Please give a word-for-word repeat of the line containing "Crook & Marker - Cosmo Rosa 4 Pack Box" and all lines that come after it in the entries below, ending at the last line.

[[ RECORD EXTRACTS open ]]

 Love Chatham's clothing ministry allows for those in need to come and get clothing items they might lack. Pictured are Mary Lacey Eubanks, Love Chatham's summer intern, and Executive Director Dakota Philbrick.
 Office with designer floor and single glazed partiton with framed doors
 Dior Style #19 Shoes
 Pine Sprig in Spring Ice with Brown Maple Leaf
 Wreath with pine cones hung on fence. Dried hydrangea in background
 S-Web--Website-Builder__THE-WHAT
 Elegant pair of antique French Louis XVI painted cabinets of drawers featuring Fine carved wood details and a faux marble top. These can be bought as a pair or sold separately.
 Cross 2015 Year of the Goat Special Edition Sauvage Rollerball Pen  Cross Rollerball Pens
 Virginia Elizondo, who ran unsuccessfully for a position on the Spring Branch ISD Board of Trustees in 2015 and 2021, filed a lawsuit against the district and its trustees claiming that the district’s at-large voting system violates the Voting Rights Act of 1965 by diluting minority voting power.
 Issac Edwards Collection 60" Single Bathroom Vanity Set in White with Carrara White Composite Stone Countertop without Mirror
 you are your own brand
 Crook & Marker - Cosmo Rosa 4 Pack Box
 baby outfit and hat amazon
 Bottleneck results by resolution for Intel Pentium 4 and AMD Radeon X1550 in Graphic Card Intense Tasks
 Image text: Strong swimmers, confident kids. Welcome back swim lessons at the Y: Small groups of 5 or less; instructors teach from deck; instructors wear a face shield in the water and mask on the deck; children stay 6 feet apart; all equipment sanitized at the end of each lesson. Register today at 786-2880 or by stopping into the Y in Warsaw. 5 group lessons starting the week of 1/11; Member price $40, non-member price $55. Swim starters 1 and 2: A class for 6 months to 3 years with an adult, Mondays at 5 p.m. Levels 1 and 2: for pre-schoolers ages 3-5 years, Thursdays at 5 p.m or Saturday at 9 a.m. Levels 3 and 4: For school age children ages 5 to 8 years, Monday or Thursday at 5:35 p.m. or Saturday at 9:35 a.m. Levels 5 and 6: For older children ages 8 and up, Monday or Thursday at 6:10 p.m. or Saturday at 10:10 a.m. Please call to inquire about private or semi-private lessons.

[[ RECORD EXTRACTS closed ]]

THE ANSWER:
 Crook & Marker - Cosmo Rosa 4 Pack Box
 baby outfit and hat amazon
 Bottleneck results by resolution for Intel Pentium 4 and AMD Radeon X1550 in Graphic Card Intense Tasks
 Image text: Strong swimmers, confident kids. Welcome back swim lessons at the Y: Small groups of 5 or less; instructors teach from deck; instructors wear a face shield in the water and mask on the deck; children stay 6 feet apart; all equipment sanitized at the end of each lesson. Register today at 786-2880 or by stopping into the Y in Warsaw. 5 group lessons starting the week of 1/11; Member price $40, non-member price $55. Swim starters 1 and 2: A class for 6 months to 3 years with an adult, Mondays at 5 p.m. Levels 1 and 2: for pre-schoolers ages 3-5 years, Thursdays at 5 p.m or Saturday at 9 a.m. Levels 3 and 4: For school age children ages 5 to 8 years, Monday or Thursday at 5:35 p.m. or Saturday at 9:35 a.m. Levels 5 and 6: For older children ages 8 and up, Monday or Thursday at 6:10 p.m. or Saturday at 10:10 a.m. Please call to inquire about private or semi-private lessons.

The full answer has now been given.